As eleições na Índia e na África do Sul
Coluna foi publicada no domingo (09)
Um amigo me pediu que escrevesse sobre as eleições na Índia e na África do Sul, temas que aparecem pouco na nossa imprensa, a despeito da importância que têm para a nossa diplomacia. Aceitei, sabendo que a tarefa é desafiadora, pois é difícil resumir num artigo a complexa realidade desses dois países.
Circula em Nova Delhi a anedota do embaixador inglês que, no discurso de despedida, conta que antes de assumir o posto tratou de ler o maior número possível de livros, mas não conseguiu realmente entender o país. “Depois de cinco anos vivendo aqui”, conclui ele, “entendo ainda menos”. Muita gente boa compartilha o sentimento do inglês.
A população indiana, com 1,4 bilhão de habitantes, ultrapassou a da China, segundo dados da ONU. A constituição reconhece 18 línguas oficiais no país, e não reconhece as cerca de três mil castas que, não obstante, coexistem num complexo sistema hereditário de estratificação social, entre os seguidores da religião hinduísta. Estes correspondem a 80% da população; os outros 20% são majoritariamente muçulmanos, e as relações entre os dois grupos são historicamente difíceis.
Contudo, apesar das profundas diferenças étnicas, sociais, linguísticas e religiosas, a Índia vinha mantendo, desde os anos 90, uma taxa média de crescimento anual de 1 % em todos os indicadores econômicos e sociais, desde os anos 90.
Na última década, o crescimento do PIB pulou para 6,2%, o que aumentou o prestígio do Primeiro-Ministro Narendra Modi entre os agentes do mercado, e deveria ter garantido sua vitória folgada nas recentes eleições, iniciadas em 19 de maio e encerradas em 1 de junho. Os resultados não confirmaram, porém, esse prognóstico.
Modi é um nacionalista de direita, controverso e polarizador. Seus feitos na economia permitiram que governasse com mão de ferro nos dois primeiros mandatos.
A partir de agora, perdida a maioria, vai ter de formar coalizões e contornar a oposição liderada pelo Congresso Nacional. Este é o mais antigo partido indiano, organizador do movimento nacionalista que, sob a liderança de Mohandas Mahatma Gandhi, redundou na independência do Reino Unido em 1947 e governou o país por longo tempo, destacando – se nesse contexto os 15 anos de Indira Gandhi –que, aliás, não era parente do Mahatma, e sim casada com um comerciante de sobrenome Gandhi (na Índia, nada é simples).

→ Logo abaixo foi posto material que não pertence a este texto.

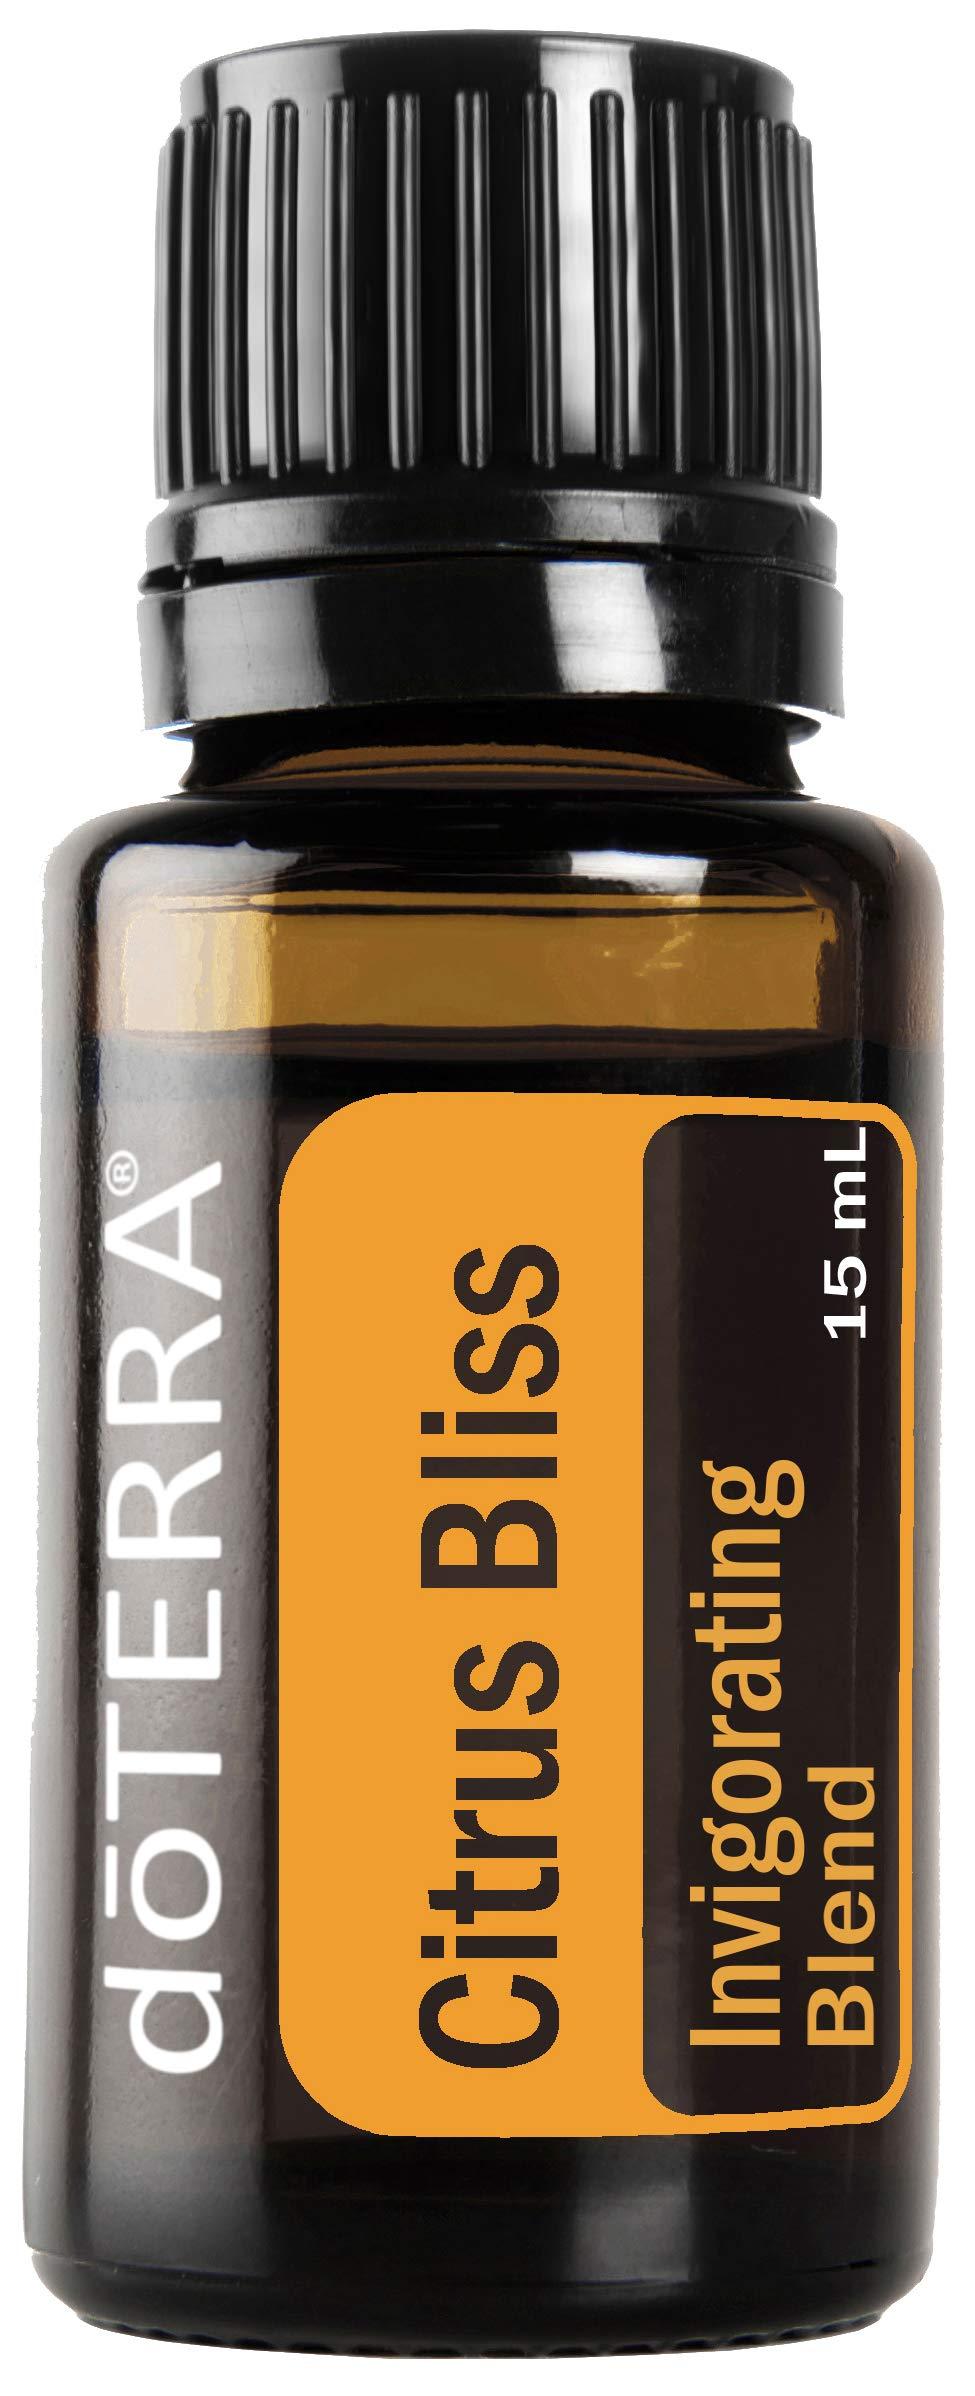 doTERRA - Citrus Bliss Essential Oil Invigorating Blend - 15 mL

O Congresso Indiano inspirou a criação do Congresso Nacional Africano, que começou em 1912 como um movimento que objetivava garantir o direito dos não-negros ao voto.
O grande personagem do CNA foi Nelson Mandela, que depois de 27 anos preso pelo regime racista, foi, em 1993, eleito presidente do CNA, assinou a constituição que pôs fim a mais de 300 anos de dominação da minoria branca, ganhou o Prêmio Nobel da Paz e foi eleito presidente do país, para mandato iniciado em 1994.
O CNA consolidou-se no poder desde então, por ser o partido dos negros, que são mais de 80% da população do país (a população branca é em torno de 8,5 %, os demais são considerados mestiços).
Apesar da maioria, não é fácil governar a África do Sul. Todos os sul-africanos com mais de 30 anos de idade nasceram sem direito de votar e serem votados, sem perspectiva de acesso ao mercado de trabalho, sem facilidades de educação e sem saúde pública. É demorada a aprendizagem da cidadania.
Cyril Ramaphosa, reeleito primeiro-ministro nas eleições de 29 de maio, é um dos poucos que conseguiram furar a bolha. Jovem ainda tornou-se um megaempresário e é hoje um dos homens mais ricos do país.
Ele terá de usar toda sua habilidade para negociar com os demais partidos, uma vez que, pela primeira vez desde 1994, o CNA perdeu a maioria e terá que formar coalizões.
A diplomacia brasileira com certeza acompanhará de perto a evolução dos fatos, até porque os sul-africanos receberão de nossas mãos a presidência do G-20 em 2025, e temos todo interesse em articular com eles o seguimento de nossas iniciativas.